As always, books are everywhere in our house, though somehow lately I mostly page through them rather than reading to the end. I'm trying a new recipe today (from Supra, not Tito's Cookbook) and am making my way through a novel by a Belarusian author. Maybe when my son leaves town I'll really dive into something. And I'll find another audiobook for hiking in the Glen.
In a day or two I'll sit down with the notebook I use every December to chronicle the year. But for now I can say that I organized a few successful events; canned all kinds of sauces and preserves; and rescued a dehydrated and starving cat. Whom I'm now trying to train not to destroy the furniture.

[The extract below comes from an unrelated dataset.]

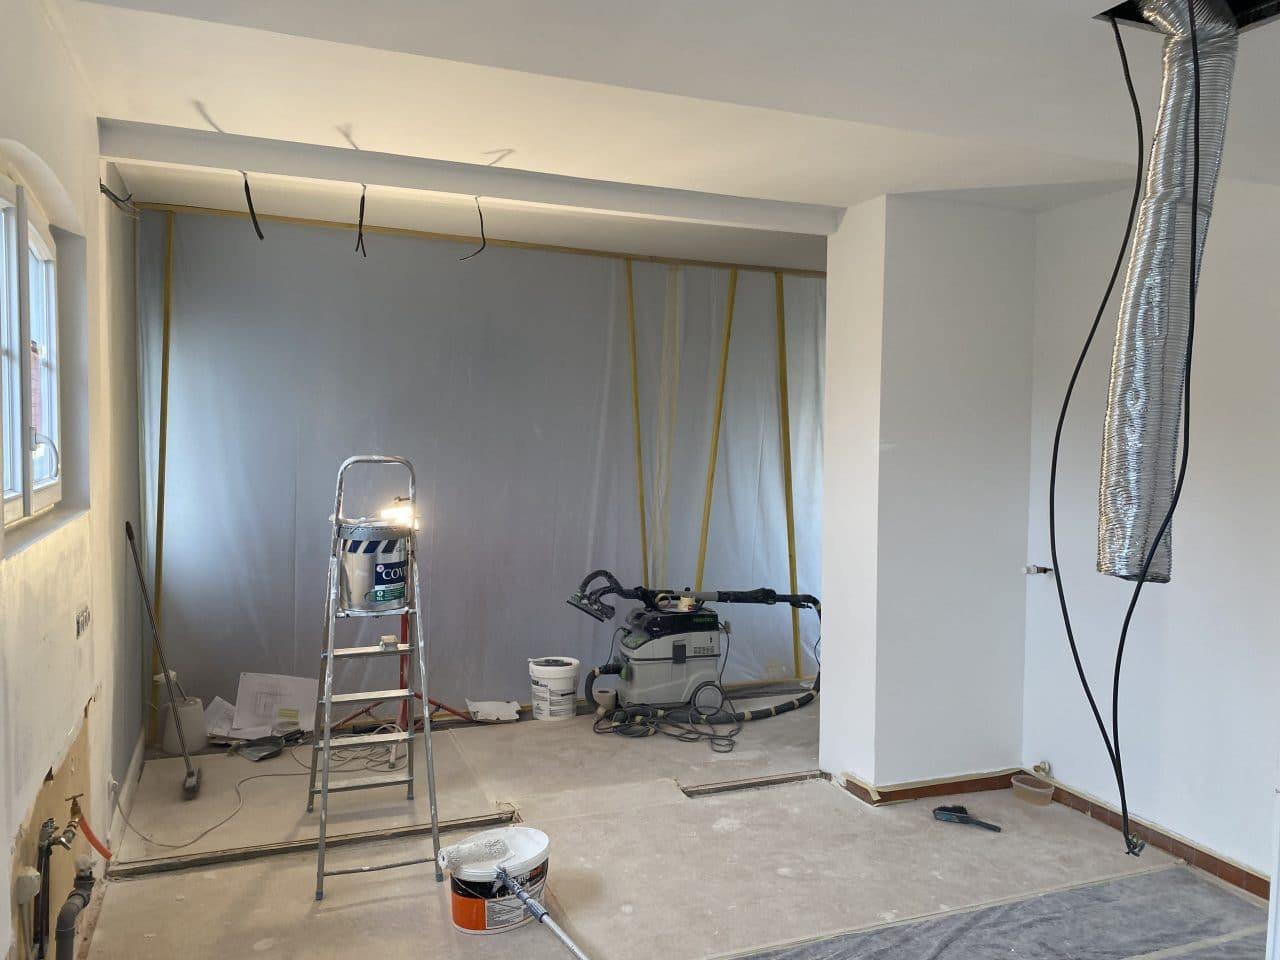 rénovation de cuisine à Holtzheim - pendant travaux

It's important to celebrate your wins. And it's also worth thinking about ways to create your own environment, to maximize the calm and channel the energy. I am not making light of mental illness, and I'm not sure how I feel about "Bipolar II." It seems to be all the rage, including in a highly recommended (on the internet) book called Bipolar, Not So Much: Understanding Your Mood Swings and Depression. A (probably AI-generated) summary on the B&N website reads in part:
No longer is this a one-size-fits-all diagnosis, and antidepressants are no longer the one-size-fits-all treatment. Mood disorders are now seen to form a spectrum of problems, from common depression on one end to full bipolar disorder on the other. In between these extremes are multitudes of people who are on the middle of the mood spectrum, and this book is for them.
A spectrum, that's what my pirate ship ride is all about--higher highs, lower lows, but also the middle moods. Heading into 2026, I intend to use my moods for good, not for evil. If only our elected (and not-so-elected) officials across the world would do the same.